#### [How to complete this task]
With the pictures left out, retype exactly the lines below starting at the line that contains "The Virgin and Child, c1520. Stock Photo" and ending at the line that contains "Canning Jar Lifter Tongs".

#### [Data listing]
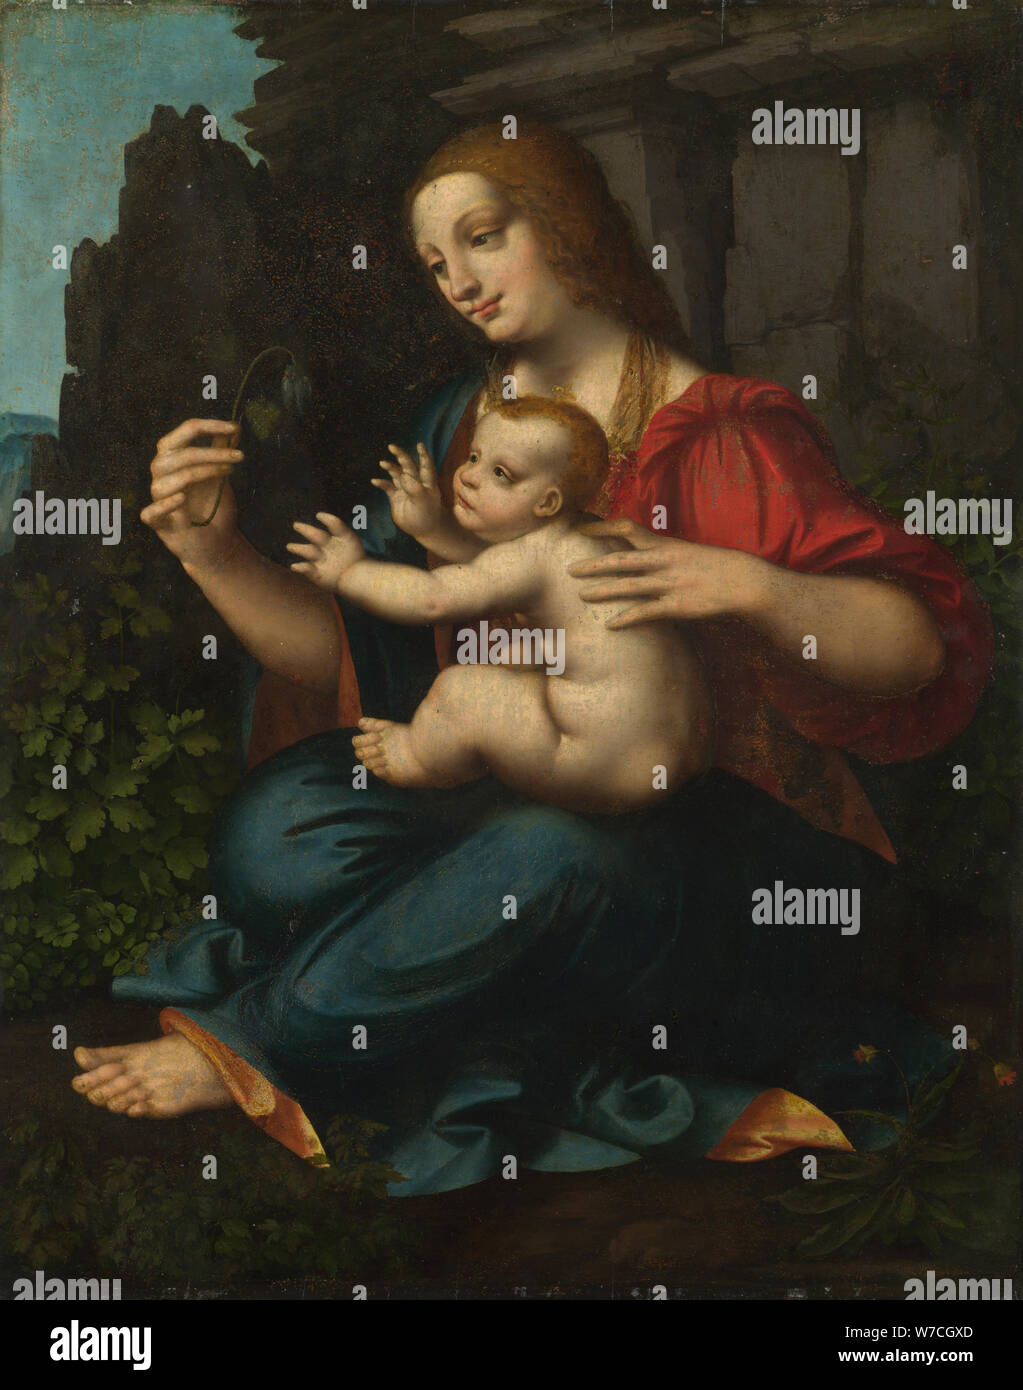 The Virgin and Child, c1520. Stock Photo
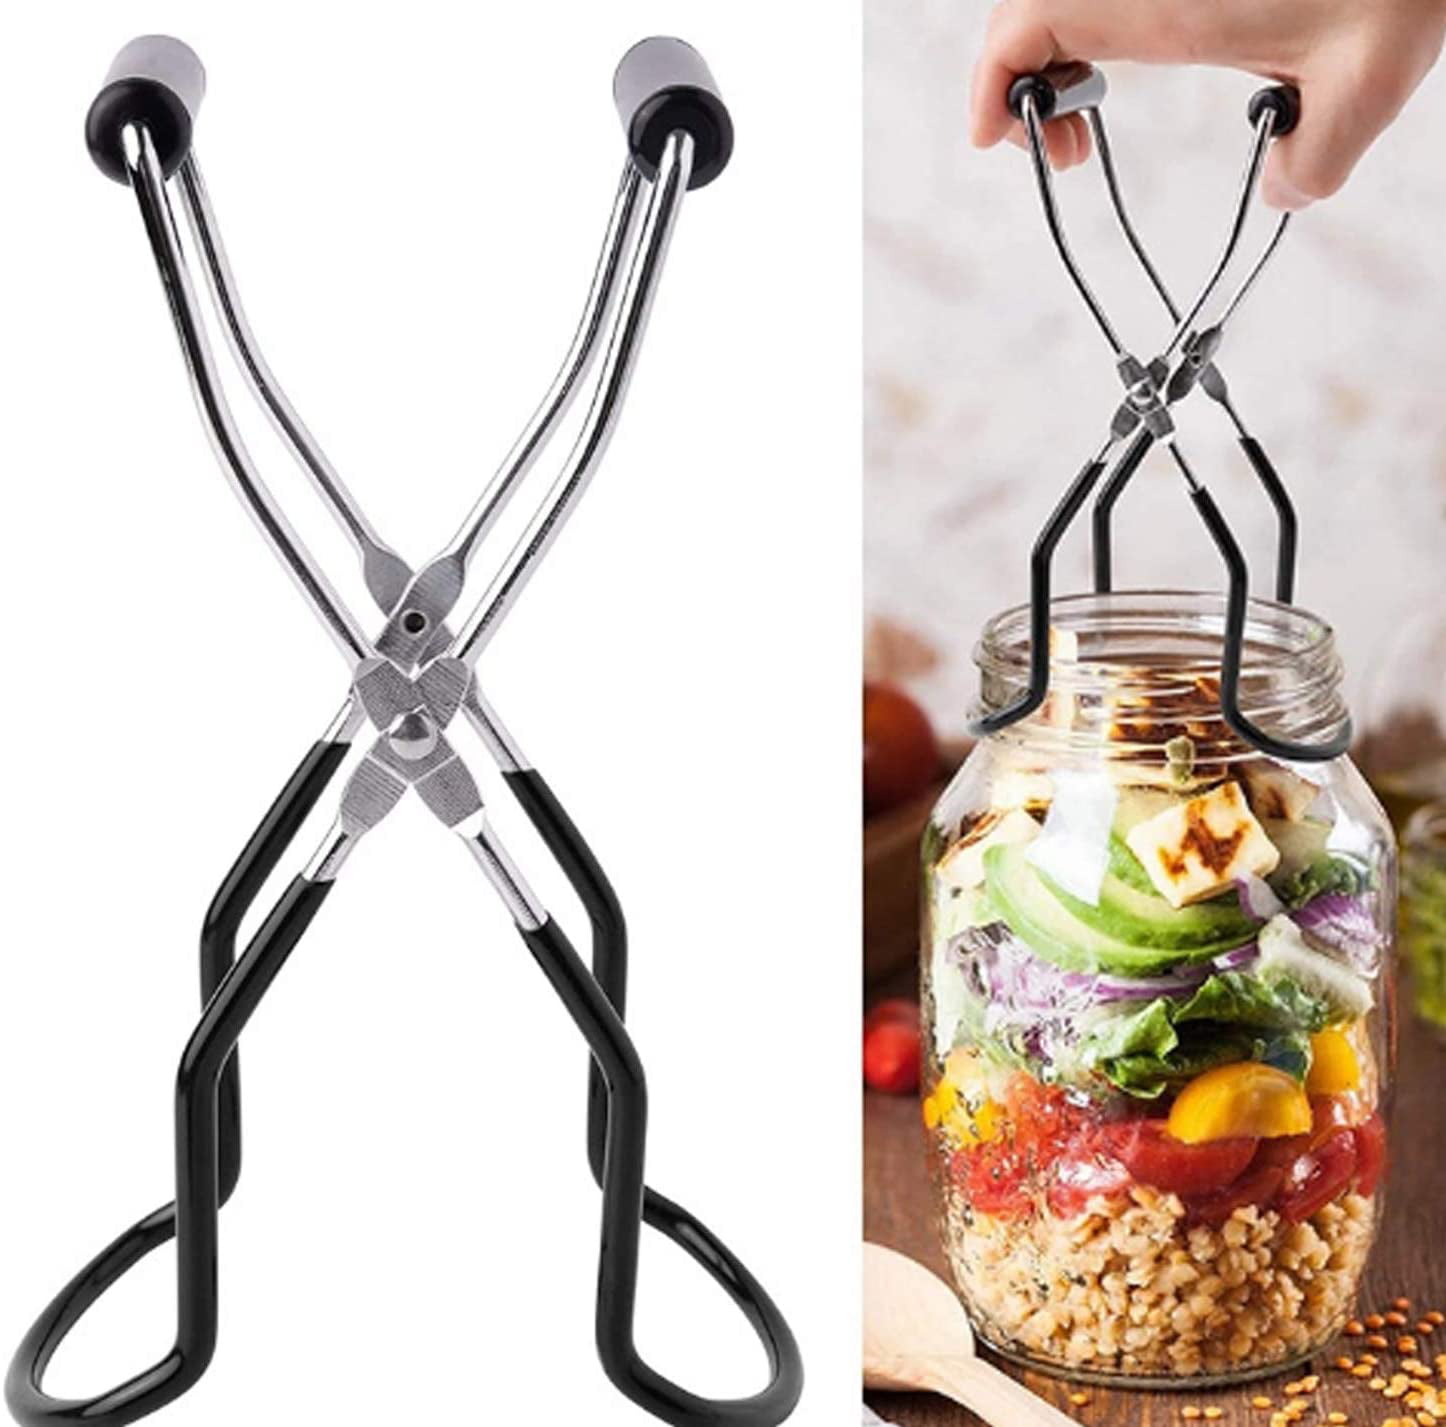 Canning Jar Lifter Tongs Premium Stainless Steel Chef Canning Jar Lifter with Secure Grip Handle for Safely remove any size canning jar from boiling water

--

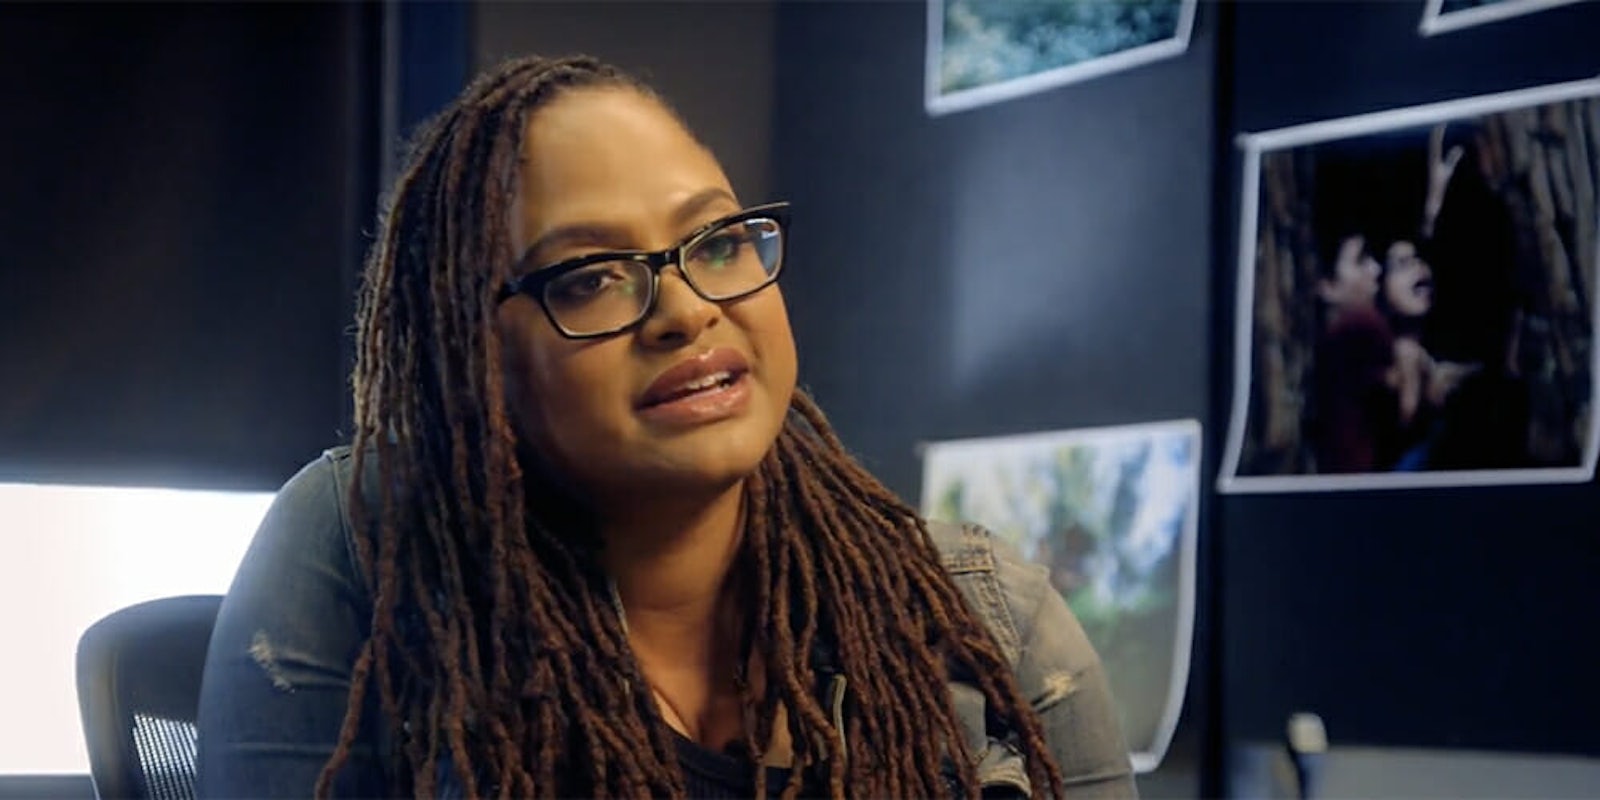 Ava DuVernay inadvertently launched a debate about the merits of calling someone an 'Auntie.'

#### [Reply]
 The Virgin and Child, c1520. Stock Photo
 Canning Jar Lifter Tongs Premium Stainless Steel Chef Canning Jar Lifter with Secure Grip Handle for Safely remove any size canning jar from boiling water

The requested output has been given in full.